Ávila not only uses a spatula and brushes, but “all kinds of instruments” that he believes may be valid, and sometimes he even paints with his own hands.

Of course, he points out, each stroke is spontaneous so that his works represent his personality, and in each painting he spends between 5 and 15 pounds (2.26 and 6.8 kilos) of paint, he explained.

“The pieces are very physical, they have a texture and a realization that you have to see them in person,” he warns.

“Beyond representing the beauty of the piece itself, I let spontaneity and liveliness escape through time, with a more contemporary language”

According to his promoters in Miami, “ the way it is a baroque, multicultural and cynical exhibition”, as is the journey that took Ávila from Cuba to New York.

“Being in Art Basel is a goal accomplished, dreams come true,” says the Cuban about his exhibition at this important art fair that opens its doors to the general public from December 1 to 3, and annually brings together important international artists and galleries.

“I was born in Cuba in the 90s, I have managed to get out of Guantánamo to Havana and then to New York. This project speaks of that link and how I have managed to achieve my first personal exhibition in Art Basel,” says Ávila.

In 2017, the New York gallery Foley Gallery, focused “on building the careers of lesser-known or less-recognized artists,” according to its website, hosted Ávila’s first personal exhibition, in which the Cuban showed his beehive project.

“It’s a very nice project that I want to present next year at Art Basel in a retrospective exhibition,” the artist promises.

Unlike the pictures of the wayhis honeycombs are three-dimensional sculptures made of silicone, wood and “plexiglass”.

“The pieces are very physical, they have a texture and a realization that you have to see them in person”
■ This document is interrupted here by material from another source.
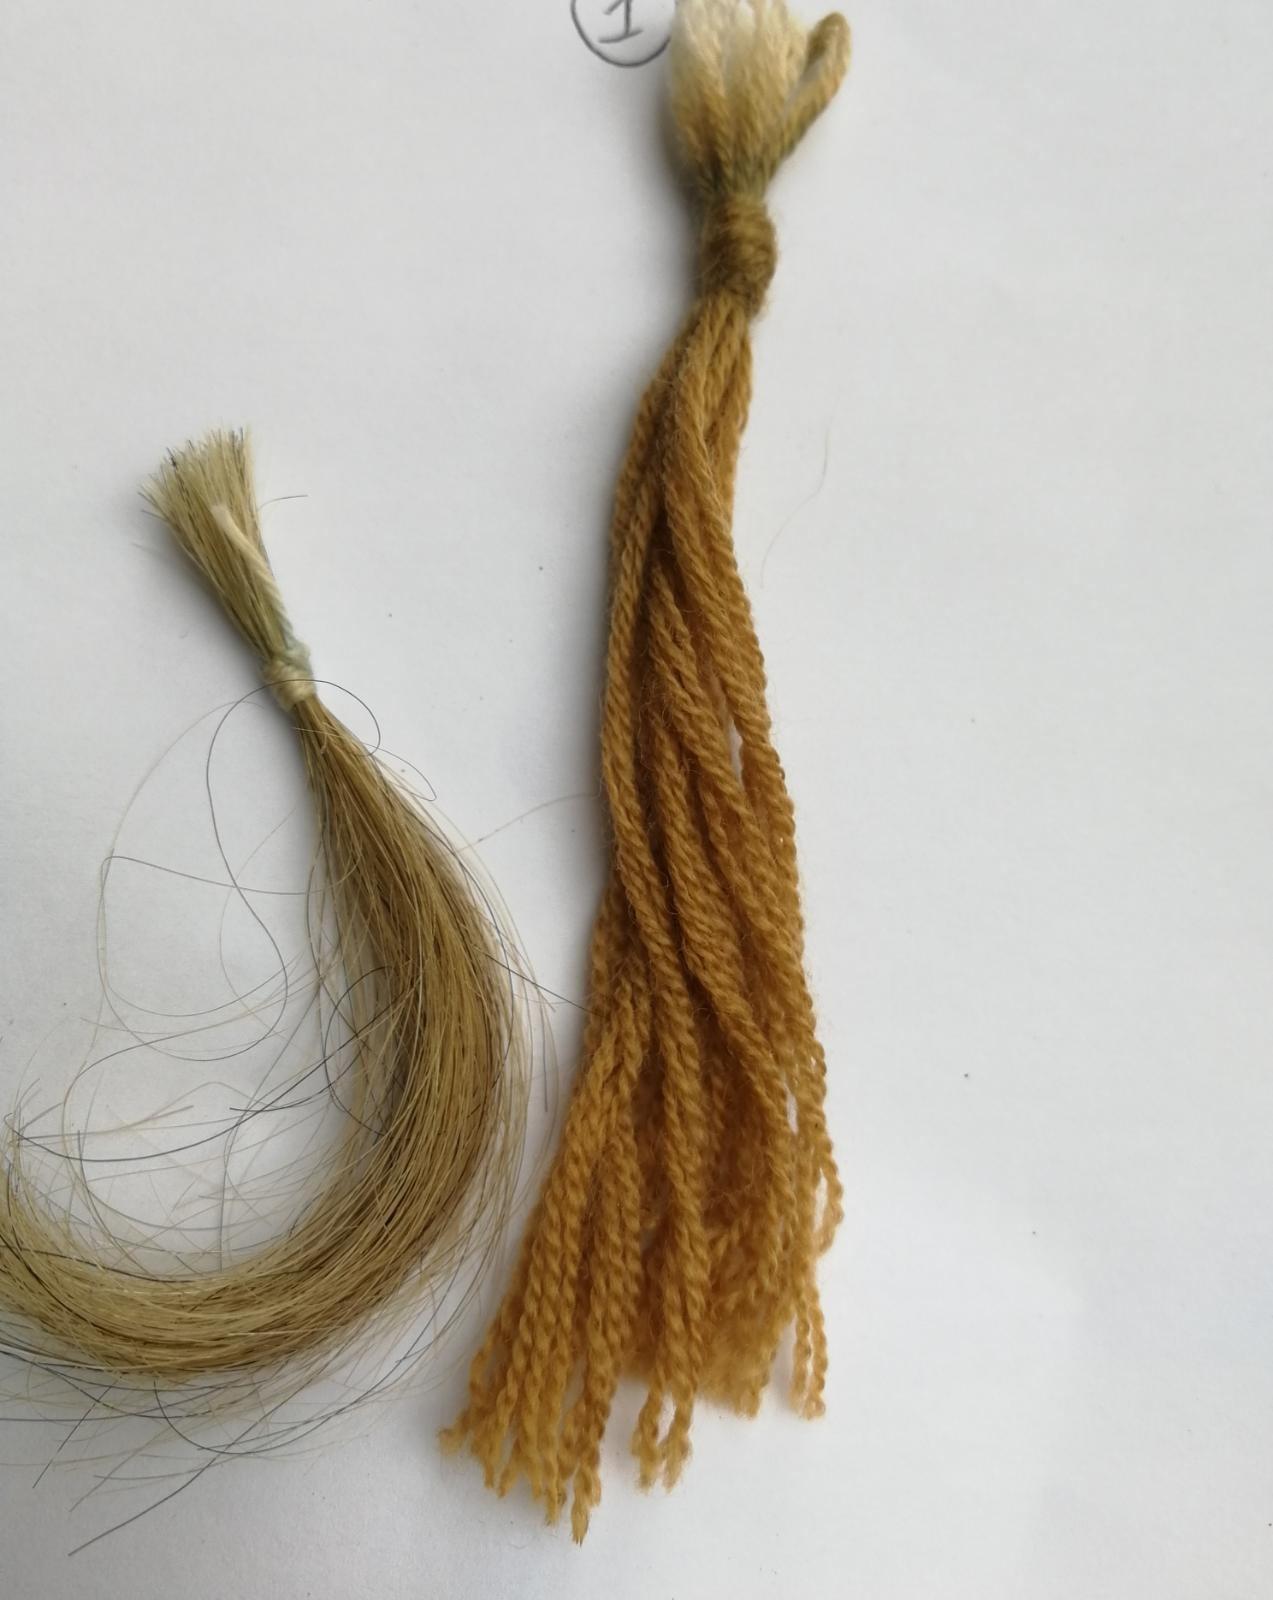 crspinobis

Also in 2017, Ávila already showed part of his personal work in a collective exhibition at Art Basel in Miami, together with works by the renowned Spanish plastic artist Domingo Zapata, the singer-songwriter Alejandro Sanz and the actor Jordi Mollà.

Zapata, with whom he collaborated on the largest mural in history in Times Square in New York, is his mentor and from him he learned “dedication to work and friendship.”
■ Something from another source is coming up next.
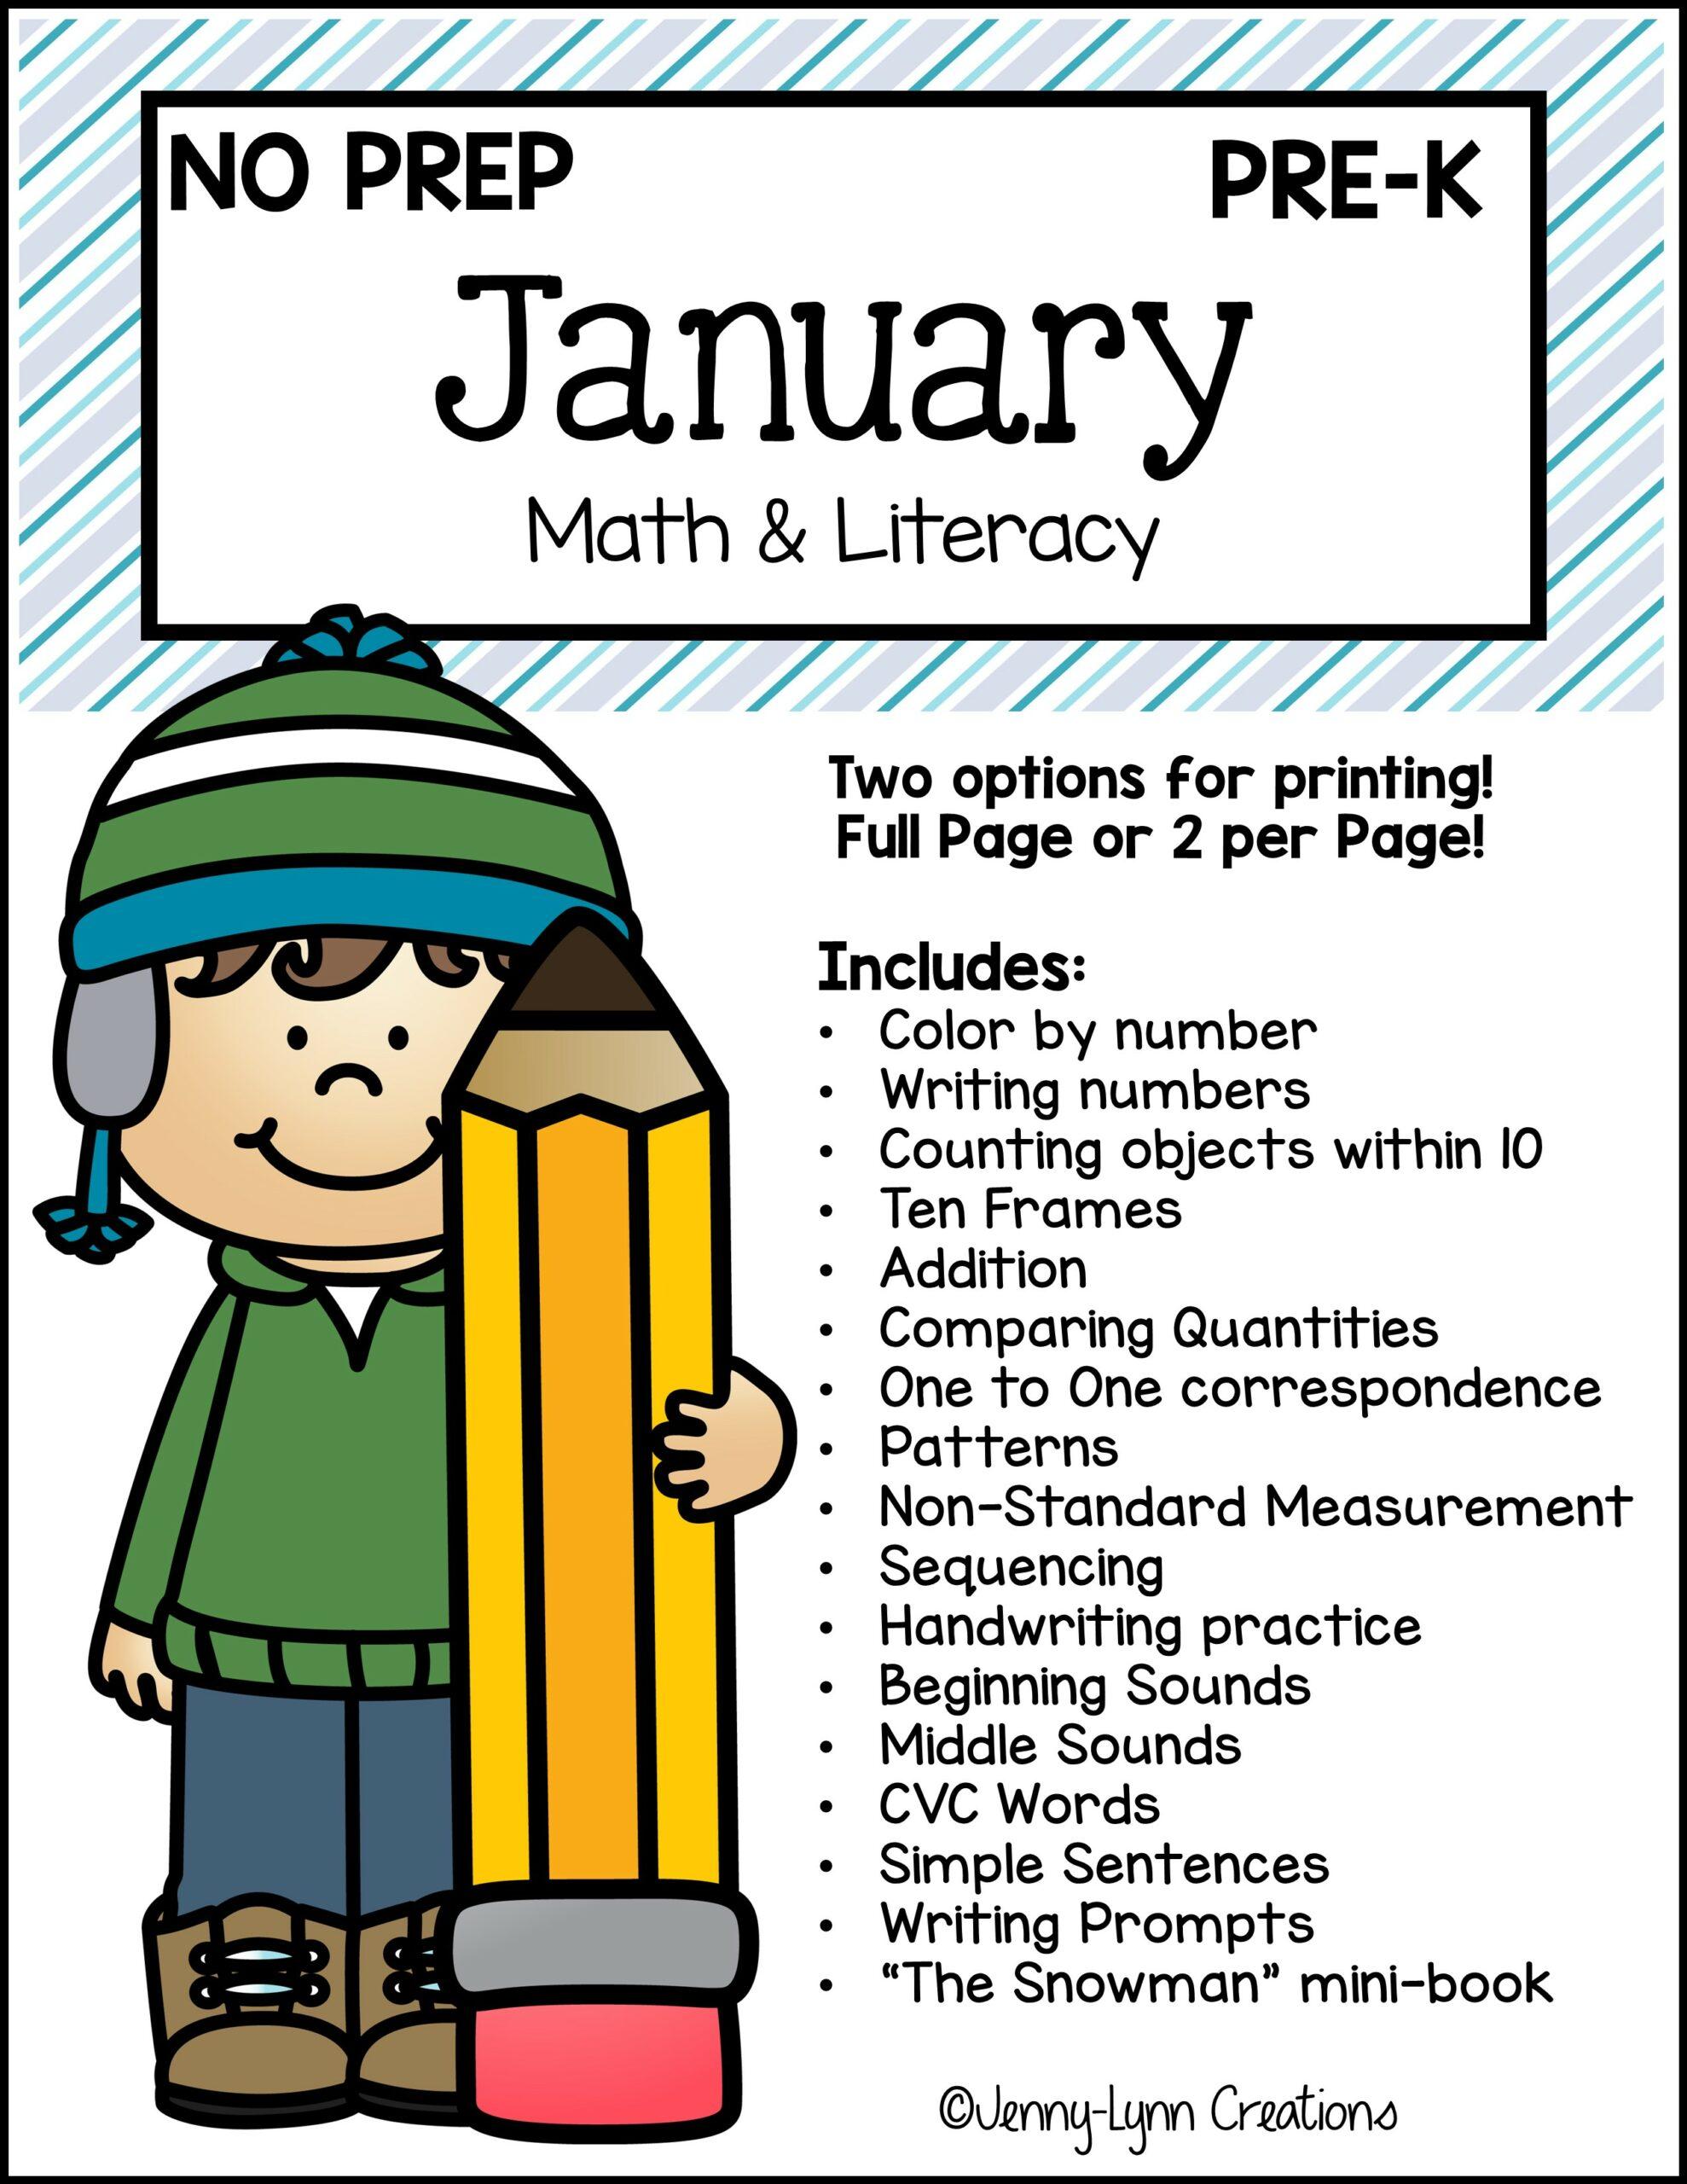 Preschool January Math and Literacy Printable Workbook

With more than 3,000 square meters, the canvas wraps three fifteen-story walls of the emblematic One Times Square, the building that welcomes the New Year with the mythical crystal ball.

“It was a very ambitious project, of an unimaginable scale. It was an experience without equal due to the danger we ran. Thank God everything went well,” recalls Ávila about that work that also recreates a menina, the iconic figure of Velázquez.